Comment 14 Adam Barth 2011-02-08 14:36:13 PST
I'm not sure I understand.  By bytes, do you mean UTF-8 strings?  Canonicalized URLs can have non-ASCII characters in their fragment.
Comment 15 Alexey Proskuryakov 2011-02-08 15:16:26 PST
I think that we can get byte sequences that aren't UTF-8 in some KURL code paths as we decode percent escapes.

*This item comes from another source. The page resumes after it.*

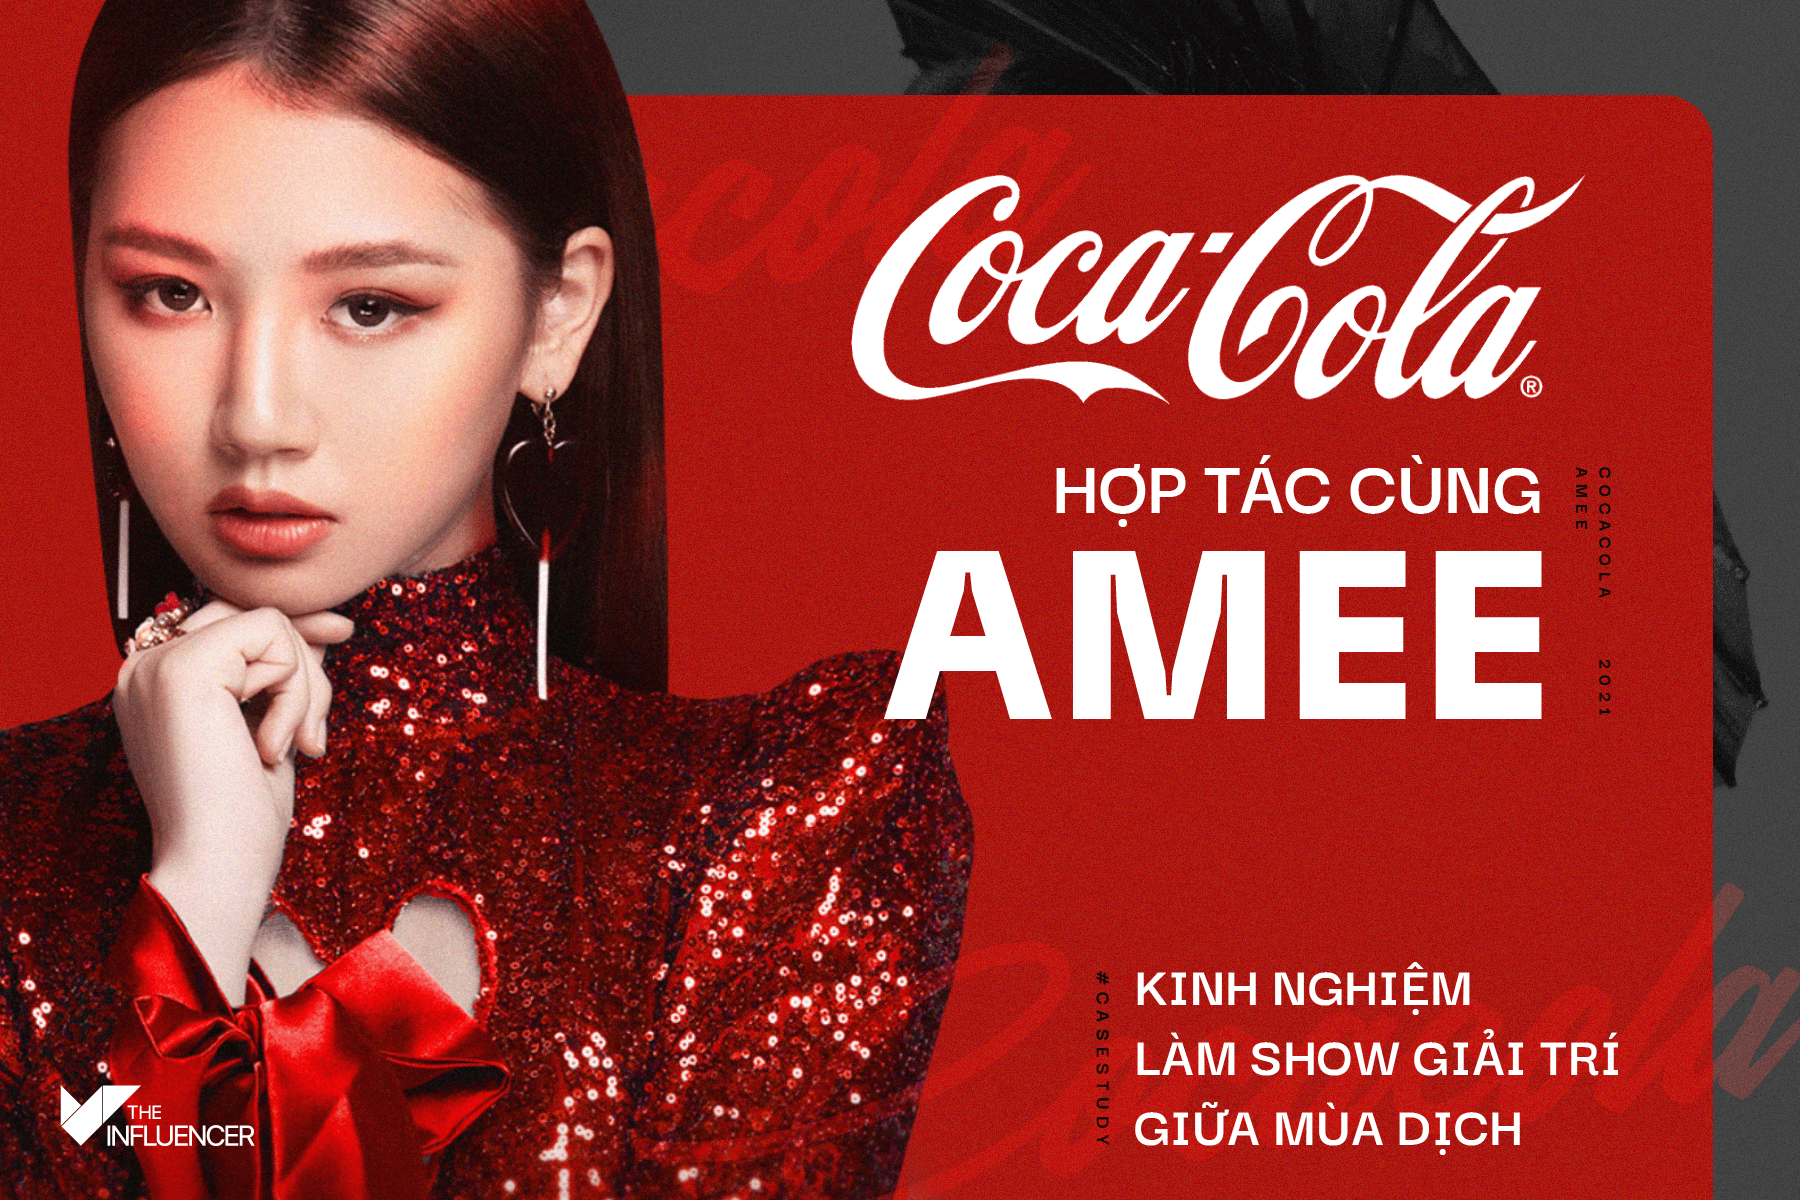 #Casestudy: Coca-Cola hợp tác cùng Amee - Câu chuyện làm show giải trí giữa mùa dịch

I'm not very clear on what goes on, but I doubt we can assume that "char*" is UTF-8 in KURL code.
Comment 16 Eric Seidel (no email) 2011-02-08 16:47:39 PST
Created attachment 81716 [details]
a more conservative patch, not quite ready
Comment 17 Adam Barth 2011-02-08 17:57:31 PST
Comment on attachment 81716 [details]
a more conservative patch, not quite ready

Ok.  This is certainly a step in the right direction.  We'll need to revisit this issue at some point.
Comment 18 Eric Seidel (no email) 2011-02-08 21:40:16 PST
Created attachment 81744 [details]
Ready for re-review and commit
Comment 19 Eric Seidel (no email) 2011-02-08 21:42:21 PST
I believe this passes all the tests now.  However its hard to tell, since it seems SL Debug builds still crash a bunch of tests in TOT. :(
Comment 20 Adam Barth 2011-02-08 22:05:31 PST
Comment on attachment 81744 [details]
Ready for re-review and commit

View in context: https://bugs.webkit.org/attachment.cgi?id=81744&action=review

> Source/WebCore/platform/KURL.cpp:1008
> +        // Strip CR, LF and Tab from fragments, per:
> +        // https://bugs.webkit.org/show_bug.cgi?id=8770

How does GURL handle this case?
Comment 21 Eric Seidel (no email) 2011-02-08 23:05:18 PST
(In reply to comment #20)
> (From update of attachment 81744 [details])
> View in context: https://bugs.webkit.org/attachment.cgi?id=81744&action=review
> 
> > Source/WebCore/platform/KURL.cpp:1008
> > +        // Strip CR, LF and Tab from fragments, per:
> > +        // https://bugs.webkit.org/show_bug.cgi?id=8770
> 
> How does GURL handle this case?

I'm not sure.  I did test to see that both Chrome and FF pass the test in question (which is about stripping these chars).  I'm not sure how GURL does the actual stripping however.
Comment 22 Eric Seidel (no email) 2011-02-09 01:20:10 PST
(In reply to comment #21)
> (In reply to comment #20)
> > (From update of attachment 81744 [details] [details])
> > View in context: https://bugs.webkit.org/attachment.cgi?id=81744&action=review
> > 
> > > Source/WebCore/platform/KURL.cpp:1008
> > > +        // Strip CR, LF and Tab from fragments, per:
> > > +        // https://bugs.webkit.org/show_bug.cgi?id=8770
> > 
> > How does GURL handle this case?
> 
> I'm not sure.  I did test to see that both Chrome and FF pass the test in question (which is about stripping these chars).  I'm not sure how GURL does the actual stripping however.

GURL documents this here:
http://www.google.com/codesearch/p?hl=en#R_oU-jn3RFk/trunk/src/url_canon_query.cc&q=tab%20package:http://google-url%5C.googlecode%5C.com&l=40

But I haven't found the code which actually makes that happen yet.  I'm not very familiar with GURL.
Comment 24 Adam Barth 2011-02-09 01:26:25 PST
Comment on attachment 81744 [details]
Ready for re-review and commit

Ok, but we should add tests for these cases to fast/url/fragment.html
Comment 25 Eric Seidel (no email) 2011-02-09 01:46:25 PST
(In reply to comment #24)
> (From update of attachment 81744 [details])
> Ok, but we should add tests for these cases to fast/url/fragment.html

Ok.  It's already covered by fast/loader/url-strip-cr-lf-tab.html, but I'm happy to add a test to fast/url/anchor.html.
Comment 26 Eric Seidel (no email) 2011-02-09 01:57:53 PST
Created attachment 81774 [details]
Patch for landing
Comment 27 WebKit Commit Bot 2011-02-09 03:53:38 PST
Comment on attachment 81774 [details]
Patch for landing

Clearing flags on attachment: 81774

Committed r78040: <http://trac.webkit.org/changeset/78040>
Comment 28 WebKit Commit Bot 2011-02-09 03:53:45 PST
All reviewed patches have been landed.  Closing bug.